### Supplied material ###

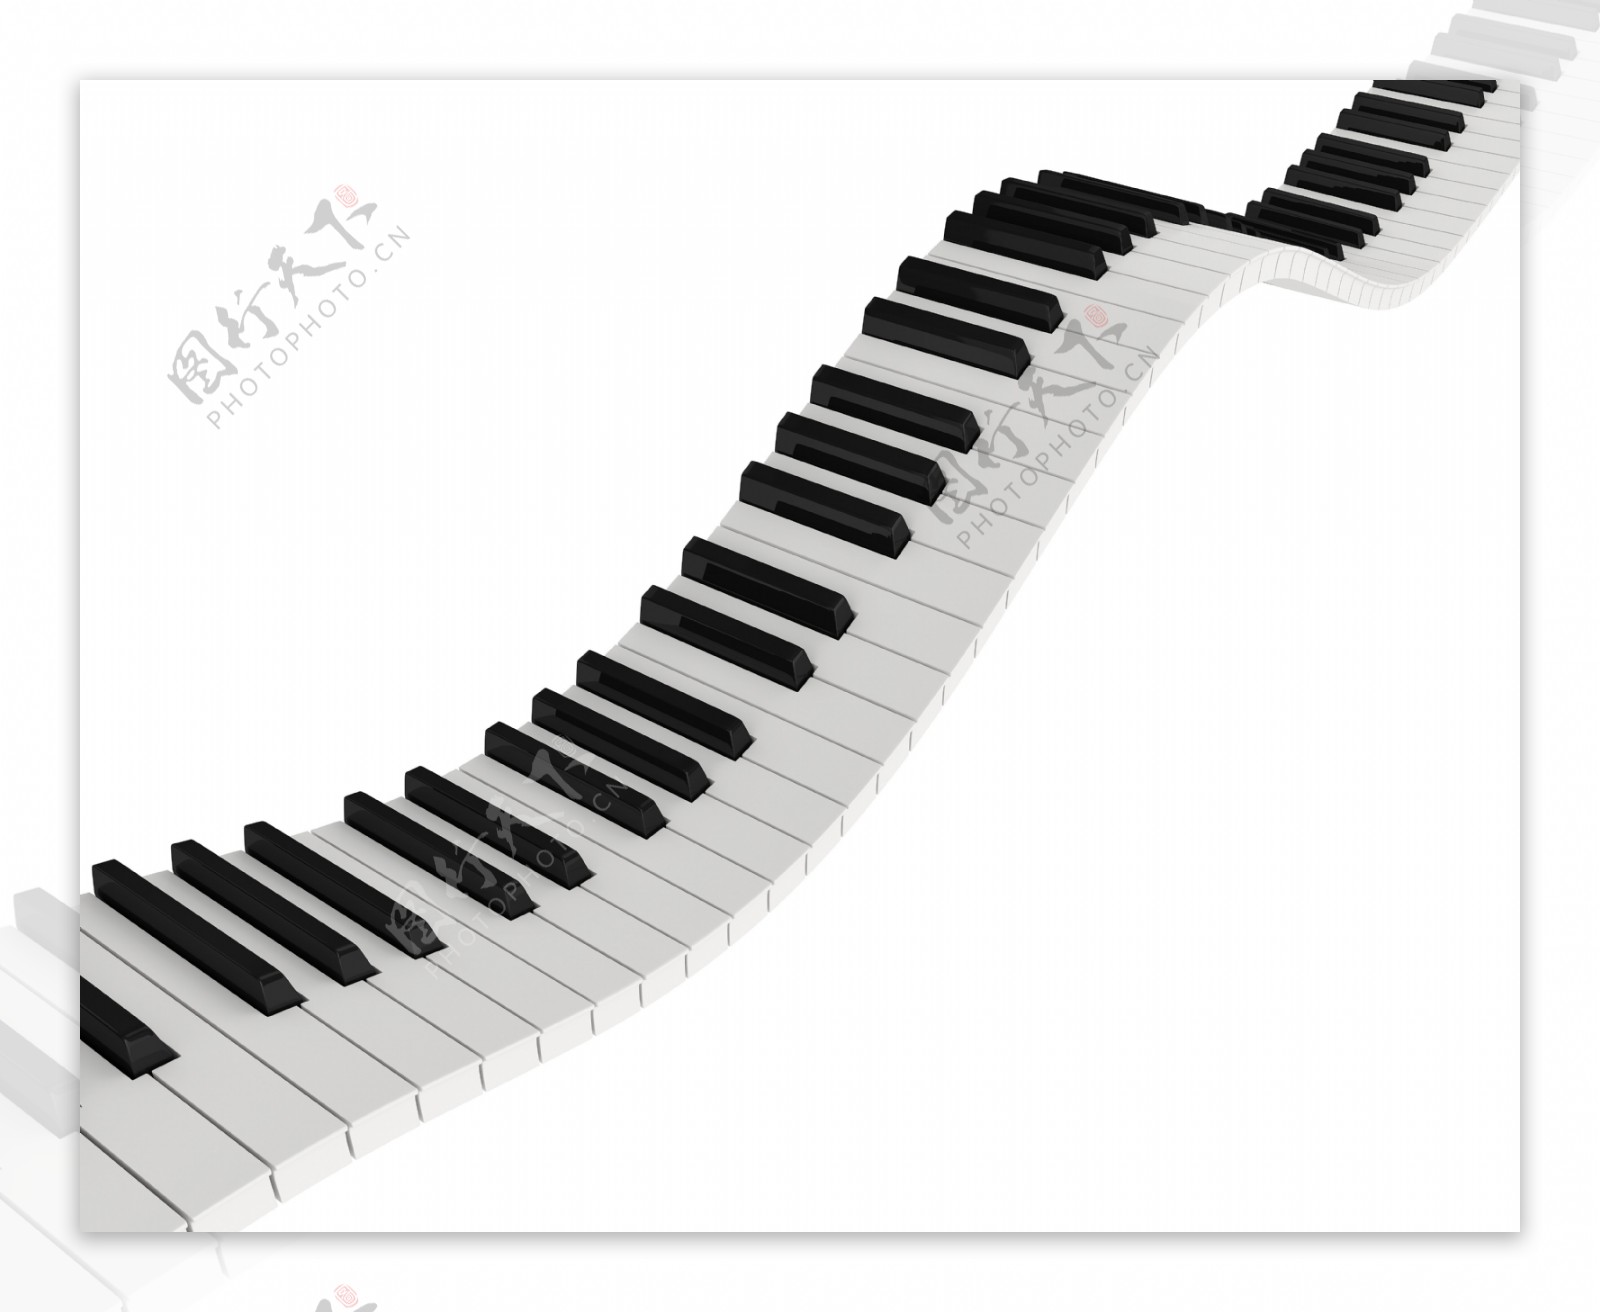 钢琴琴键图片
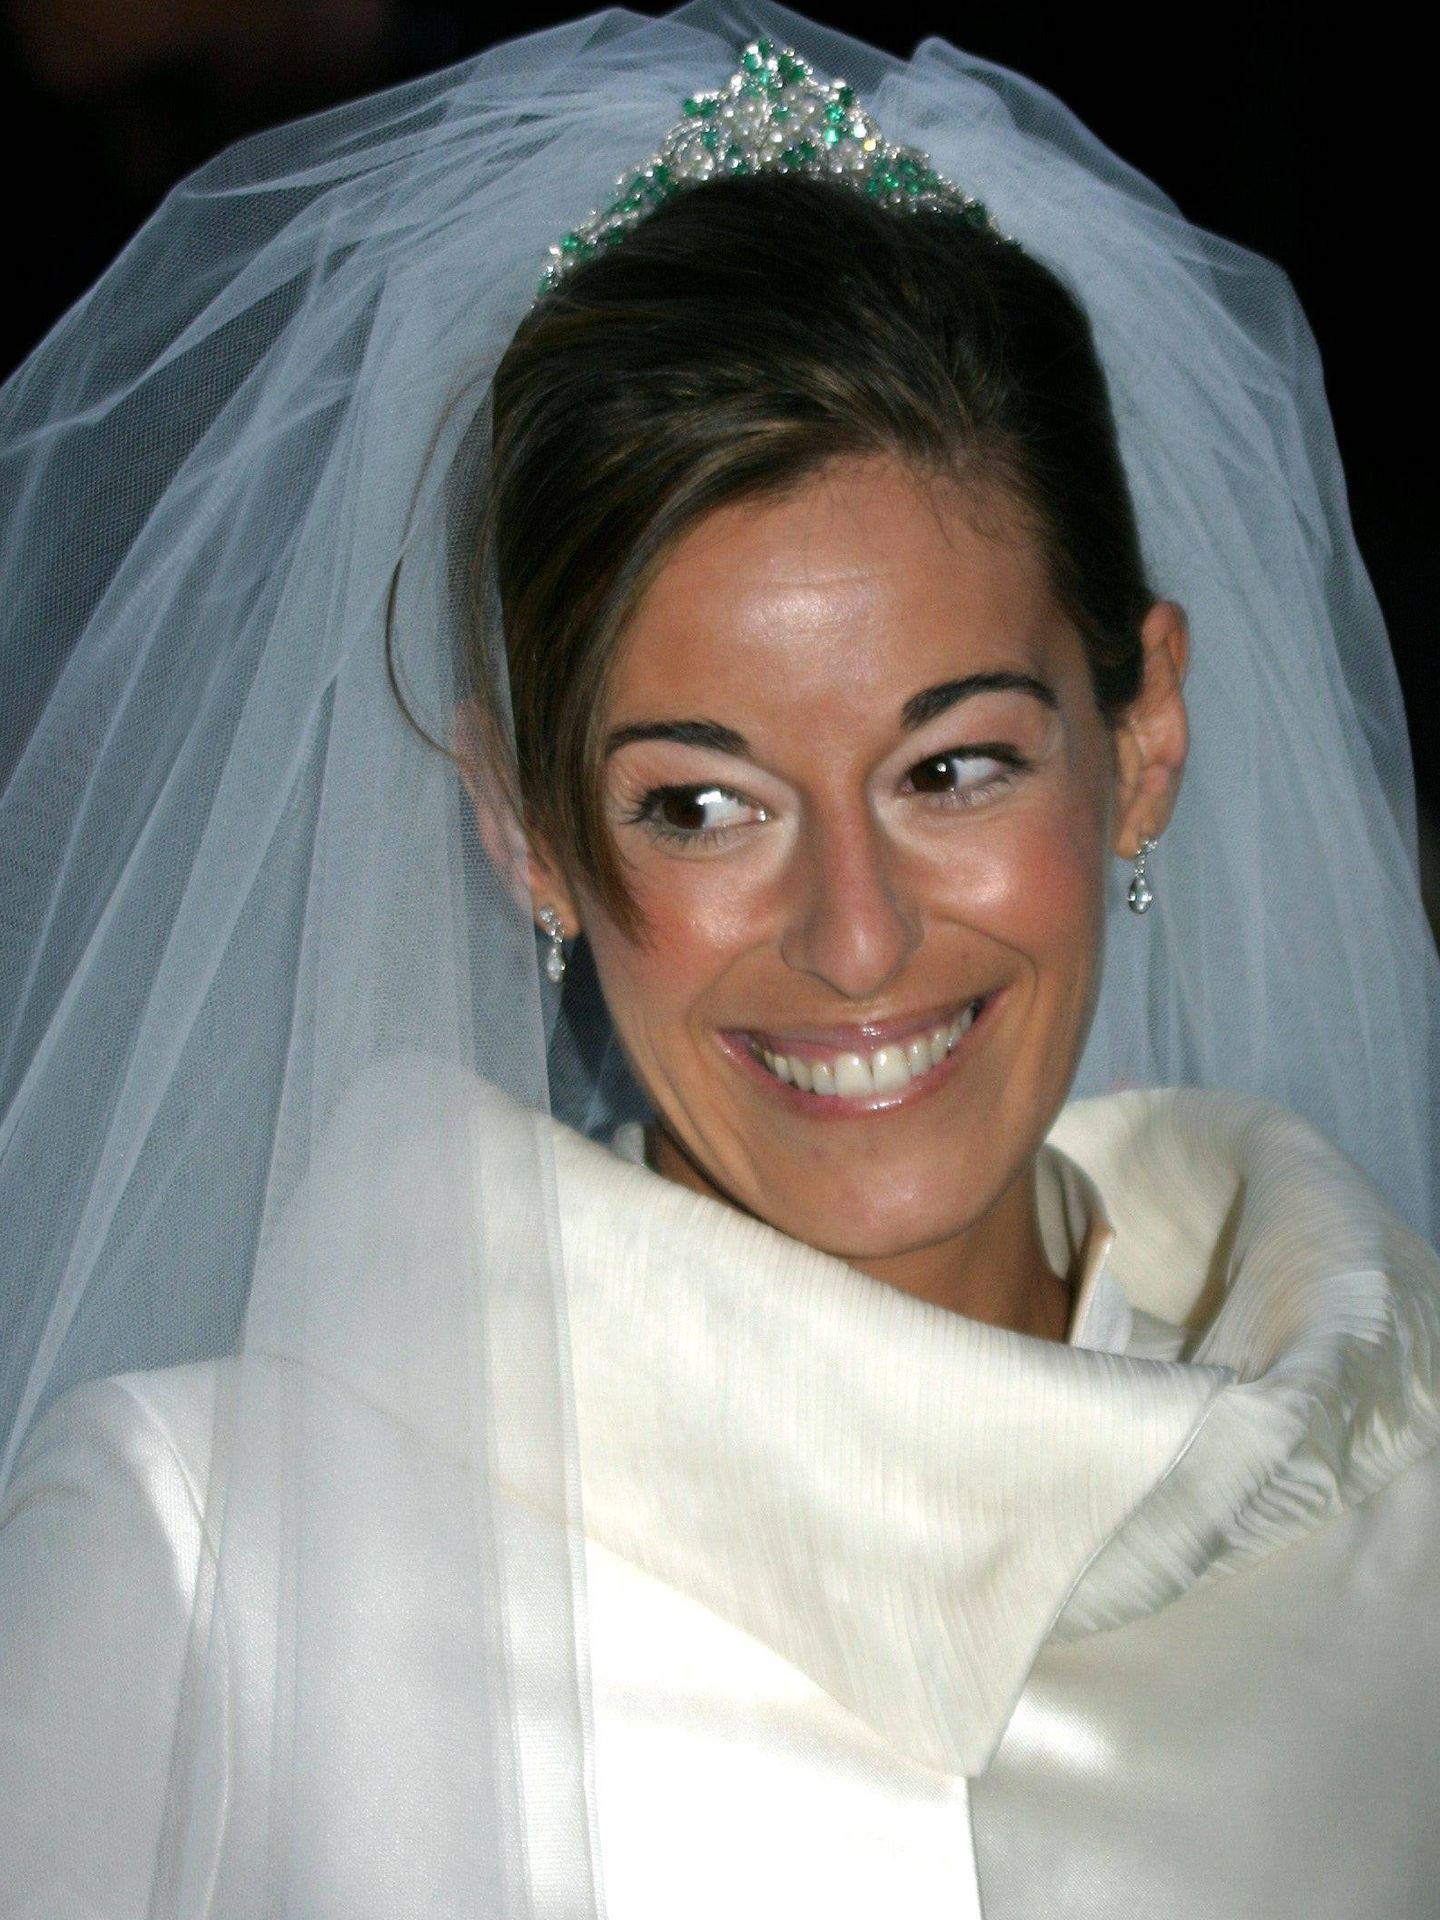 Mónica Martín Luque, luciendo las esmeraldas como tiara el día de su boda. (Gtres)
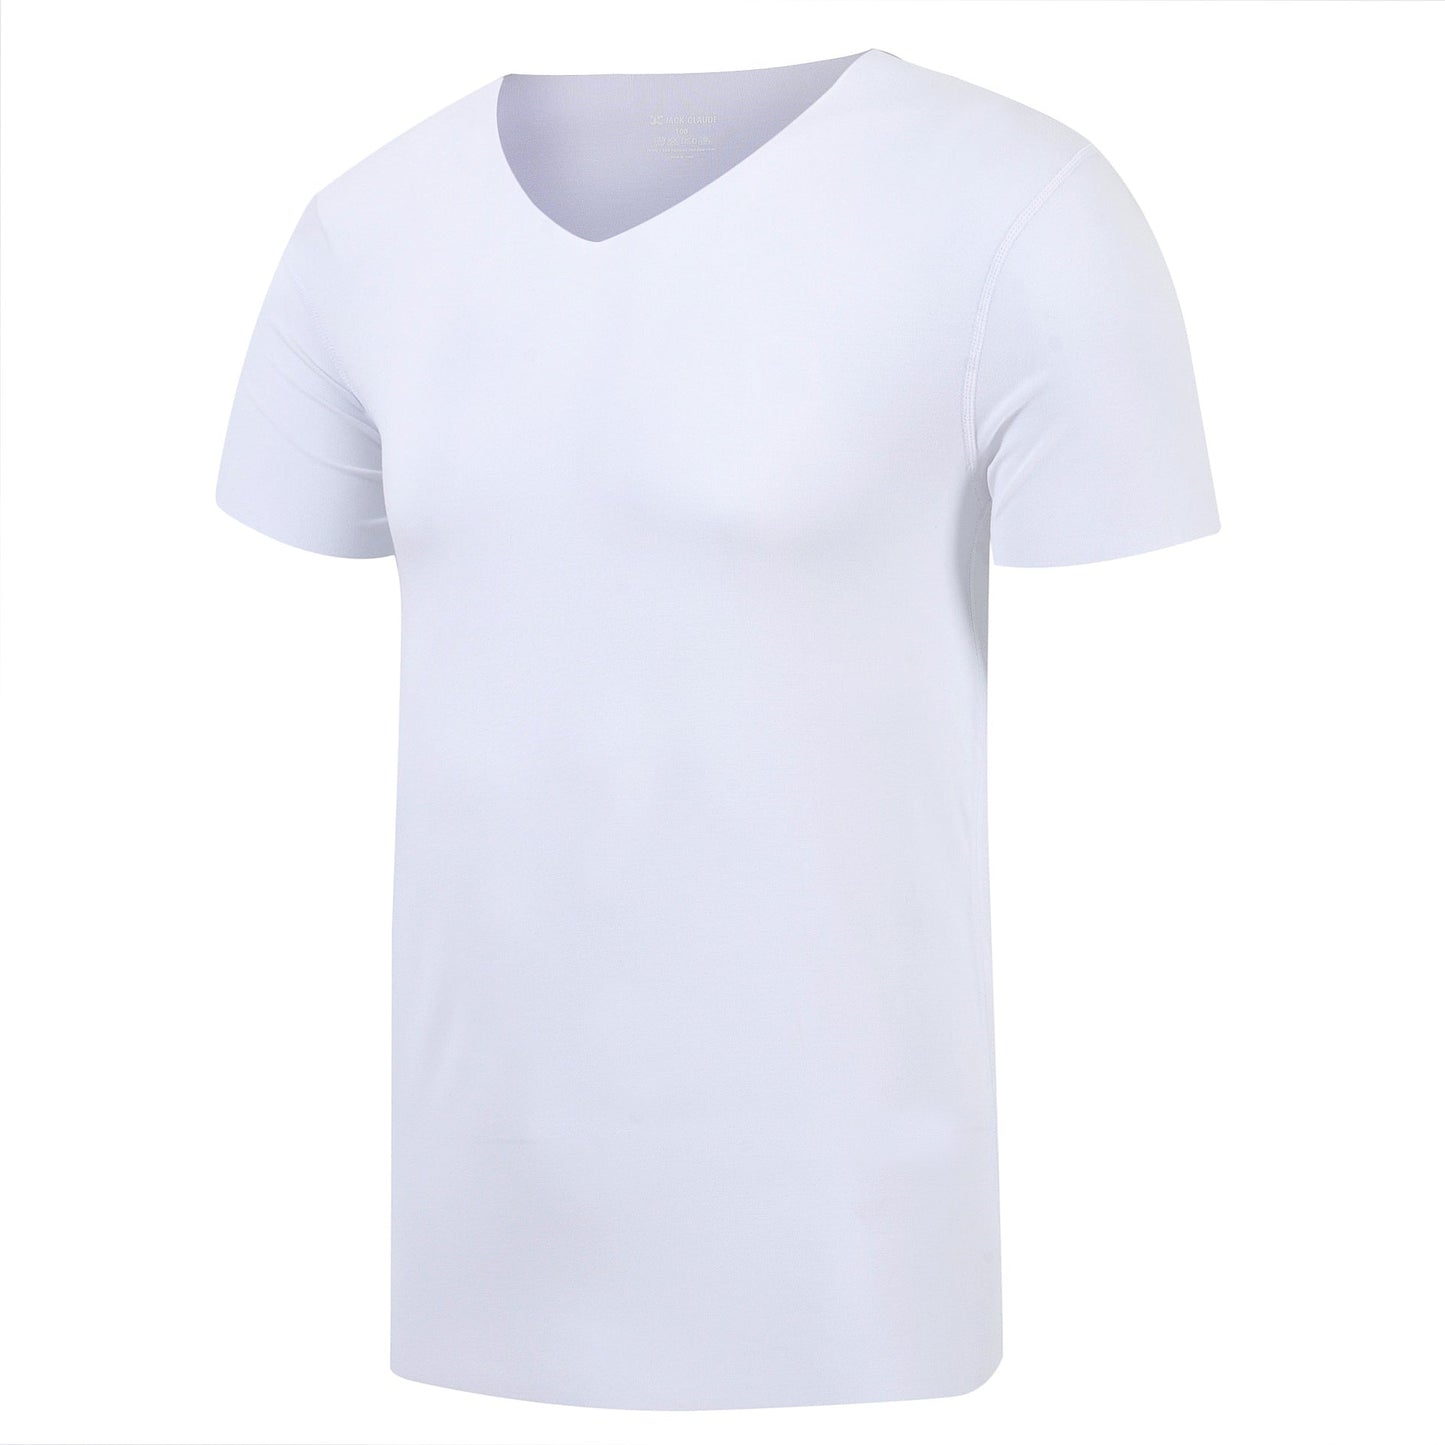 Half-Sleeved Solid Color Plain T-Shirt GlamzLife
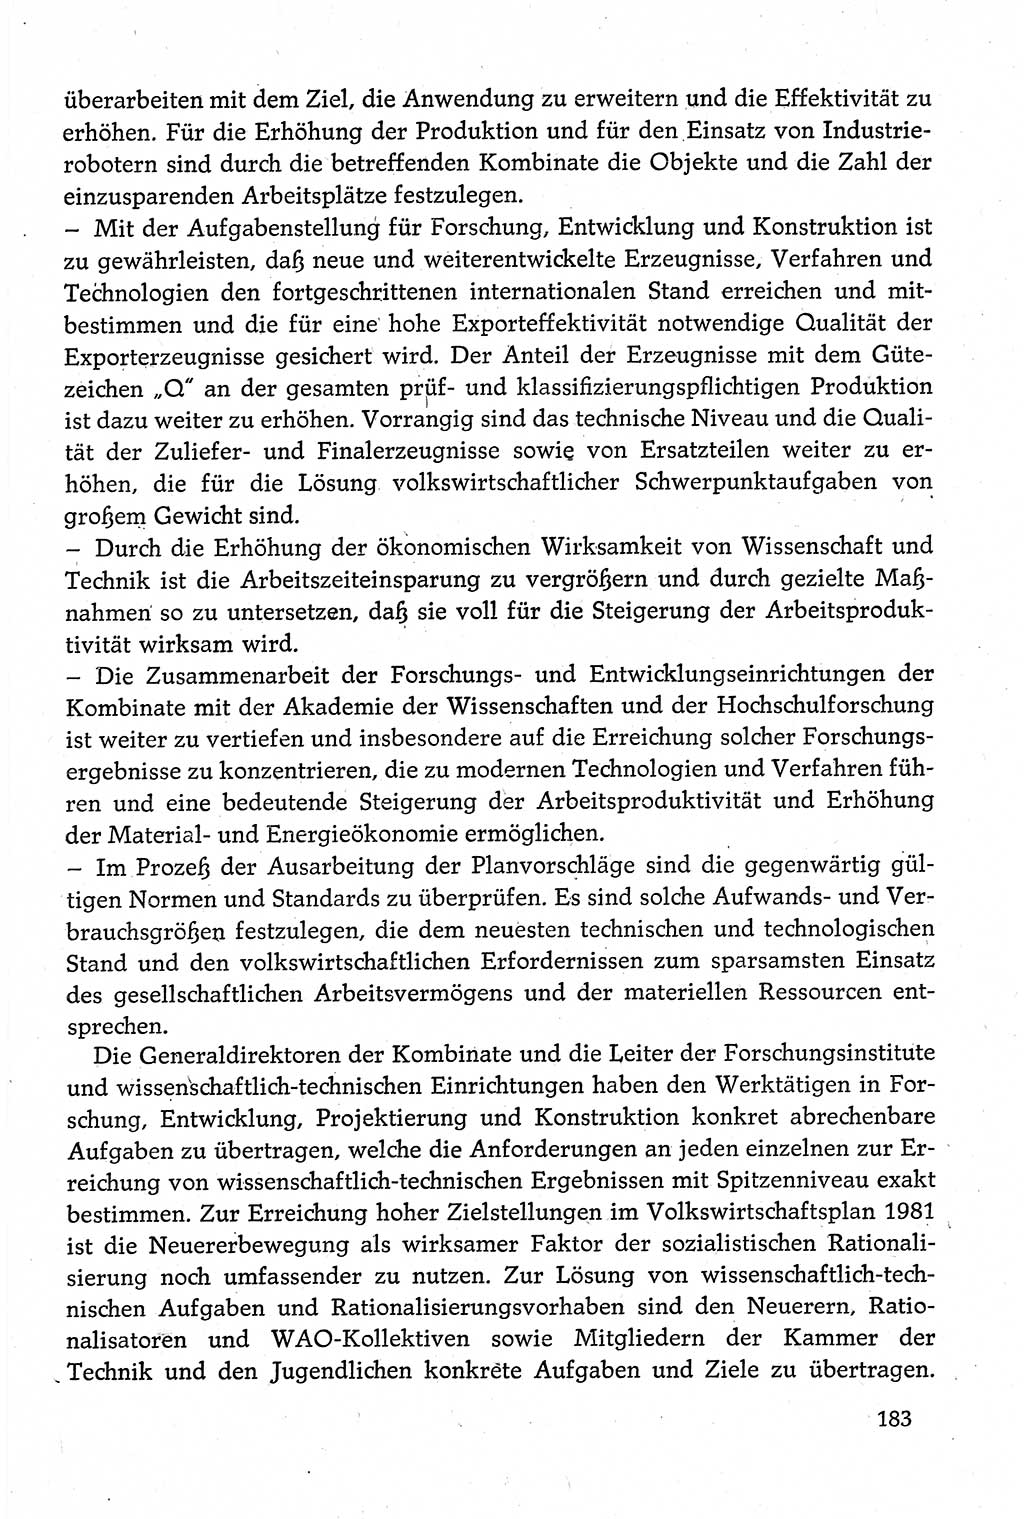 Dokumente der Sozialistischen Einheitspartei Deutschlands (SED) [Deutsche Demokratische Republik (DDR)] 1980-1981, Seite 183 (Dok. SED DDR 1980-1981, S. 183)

###

Work request:
Beginning at the line that contains "Mónica Martín Luque, luciendo", retype each line of the data above through the very last one. Do not retype the pictures.

Problem solution:
 Mónica Martín Luque, luciendo las esmeraldas como tiara el día de su boda. (Gtres)
 Half-Sleeved Solid Color Plain T-Shirt GlamzLife
 Dokumente der Sozialistischen Einheitspartei Deutschlands (SED) [Deutsche Demokratische Republik (DDR)] 1980-1981, Seite 183 (Dok. SED DDR 1980-1981, S. 183)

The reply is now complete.